Playwright Tennessee Williams knew quite a few things about the South, and in his 1956 movie Baby Doll he explores several of them: prejudice, desperation, and barely-repressed sexuality. The movie stirred up quite a controversy when released, and it's easy today to see why -- but it's still very effective, mainly due to a stellar cast and great director.

Baby Doll (Carroll Baker) was married to cotton gin owner Archie Lee Meighan (Karl Malden) when she was 17 -- and with his promise to her father that he wouldn't sleep with her until she turned 20. At the start of the movie, Baby Doll is two days away from her 20th birthday, and it shows on both of them. He acts like a leering pervert, while she plays the nymphette. (The movie opens with her sleeping in a baby's crib and sucking her thumb, while he cuts a hole in the wall to spy on her.) Archie Lee promised to put her in the best house in the valley, but their home is a crumbling mansion surrounded by junk -- with almost all the furniture repossessed. She continually complains about what her late daddy would do if he could see her and talks about leaving Archie Lee to find work -- but she never finished school and can't do anything. Meanwhile, Archie Lee is laughed at by the townspeople in Mississippi, seeing a middle-aged man with such a young wife. And Baby Doll's senile Aunt Rose Comfort (Mildred Dunnock) wanders around aimlessly.

Then there's business. Italian immigrant Silva Vacarro (Eli Wallach) owns the cotton plantation and cotton gin that have driven Archie Lee to ruin. During a town celebration for Silva, Archie Lee torches Silva's cotton gin, forcing him to turn to Archie Lee to process the harvested cotton. Silva knows that Archie Lee committed arson, but the townsfolk make it clear that they won't act against a white member of the community. So Silva heads over to Archie Lee's house -- and when Archie Lee heads off to fix his cotton gin, that leaves Silva and Baby Doll together in the house...

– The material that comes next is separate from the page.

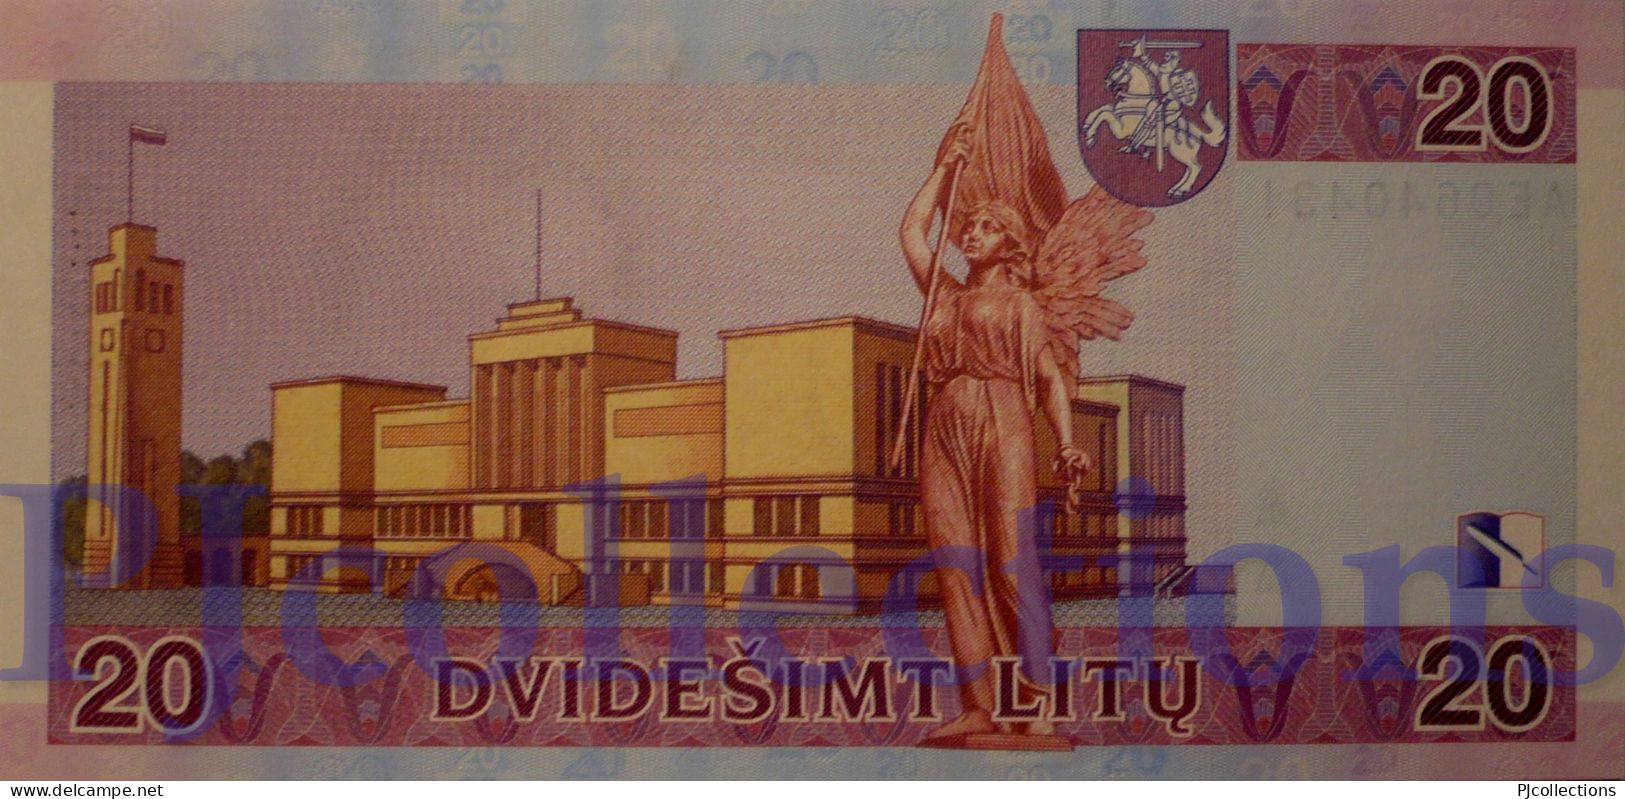 LITHUANIA 20 LITU 2001 PICK 66 UNC - Litauen
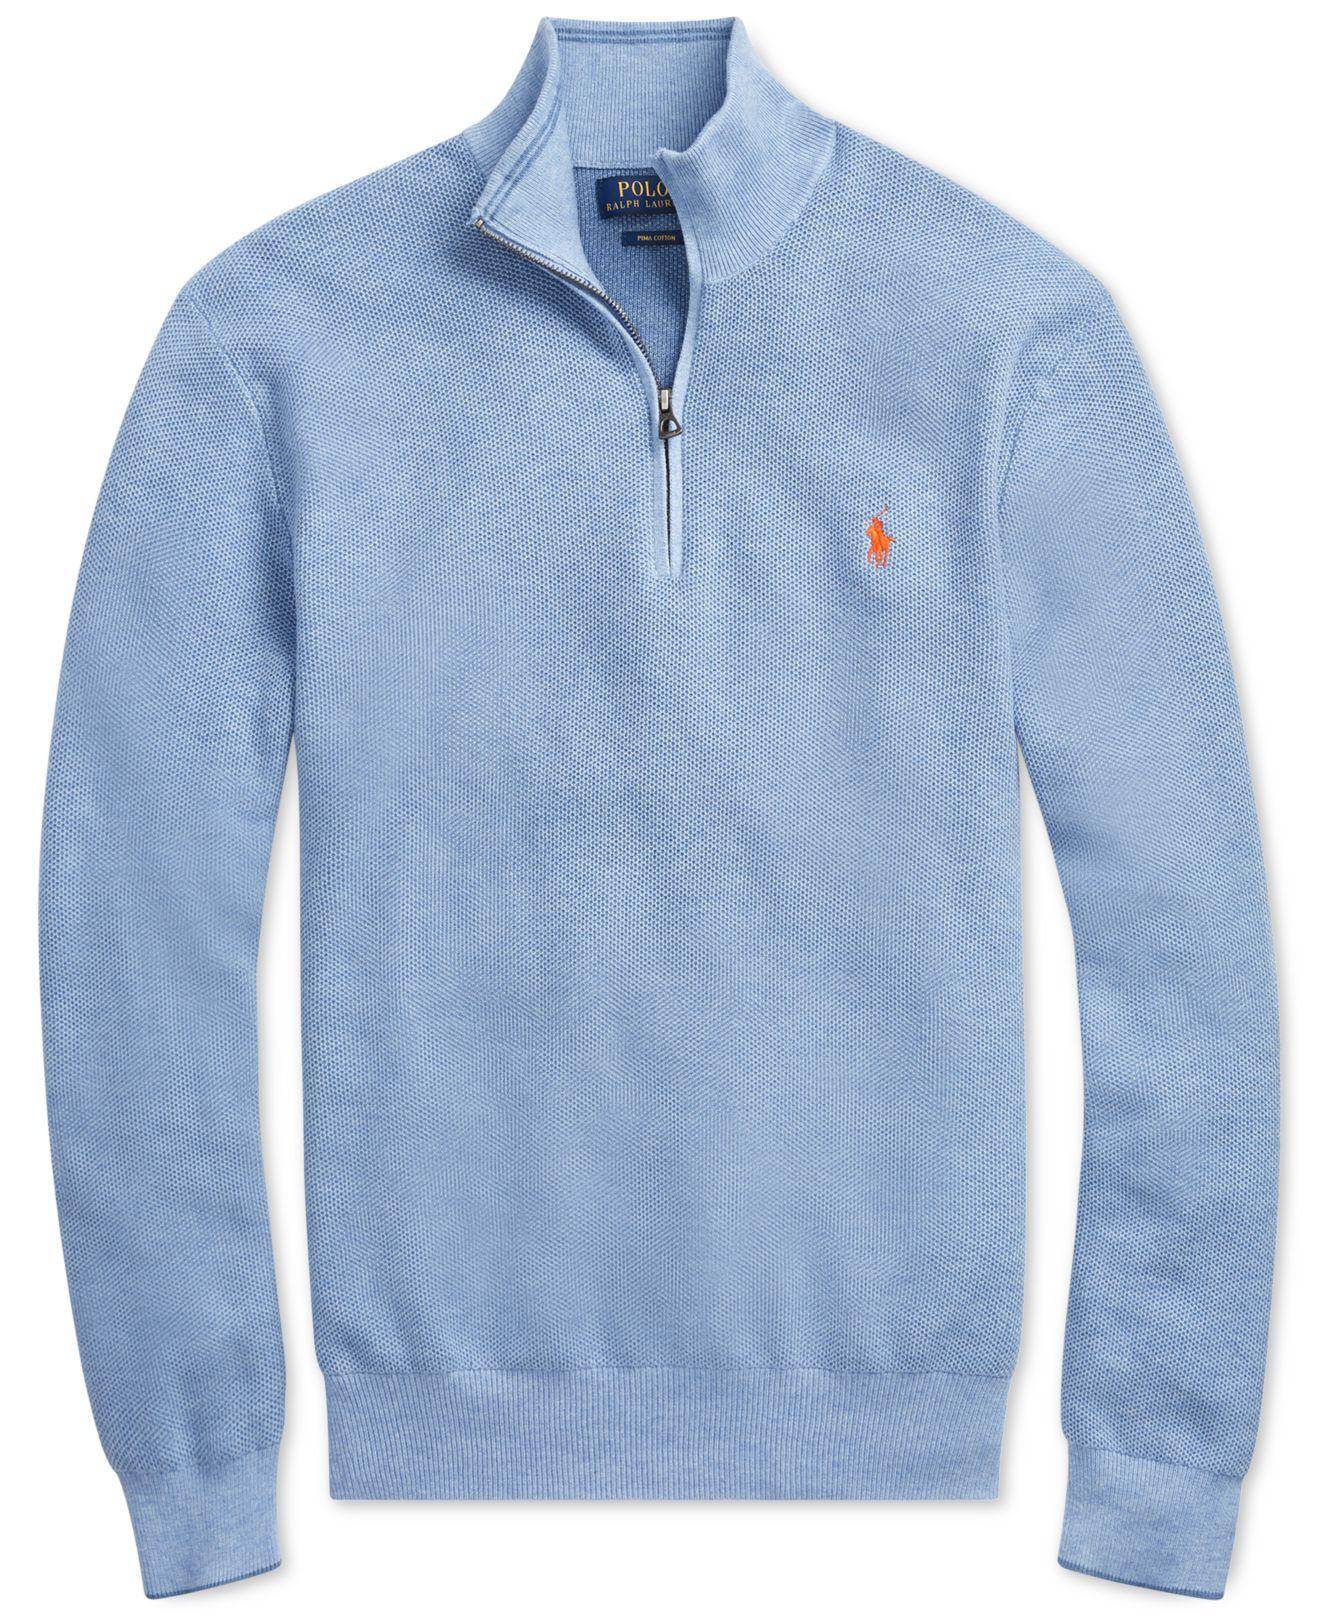 Polo Ralph Lauren Cotton Mesh Half-zip Sweater in Blue for Men - Lyst

While it may seem easy to dismiss Baby Doll as lurid filmmaking (and the sensationalistic trailer below didn't help), this movie is really about the conflict of desperate people thrown together. Archie Lee is the once-proud man in the community who finds himself literally counting the days until his honeymoon, while desperately trying to cling to business (and driven to arson to that end). Silva is a man who is liked for his money but denied justice due to his race -- and who may be trying to seduce Baby Doll, or just get her to confess what her husband did. As for Baby Doll, she's the victim of an arranged marriage who doesn't want to hold up her end of the bargain but lacks any sort of talents to escape.

Director Elia Kazan gets the best out of his actors, capturing the characters' sstrengths and weaknesses. While there is clearly a sexual tug-of-war between Baby Doll and Silva ("Mrs. Meighan your husband sweats more than any man I know and now I can understand why"), Kazan is equally adept at the humorous scenes where Silva plays on Baby Doll's belief that the house is haunted; or the misadventure of Archie Lee as he travels far (and leaves the other two along together) to fix his cotton gin to get to work on his last change.

Karl Malden and Eli Wallach are terrific in their roles, but it's Carroll Baker who truly stands out here. She captured a kind of Marilyn Monroe-blend of innocence and sexuality, but taken to a creepy level by the ticking clock to Baby Doll's unwanted honeymoon. Baker does a terrific job balancing her character's naivite and sensuality, seeming to manipulate everyone without knowing what she's doing. Baby Doll remains as "shocking" today as when released -- and just as impressive.

(The dvd extras include theatrical trailers, plus a brief-but-excellent series of interviews with Baker, Malden, and Wallach.)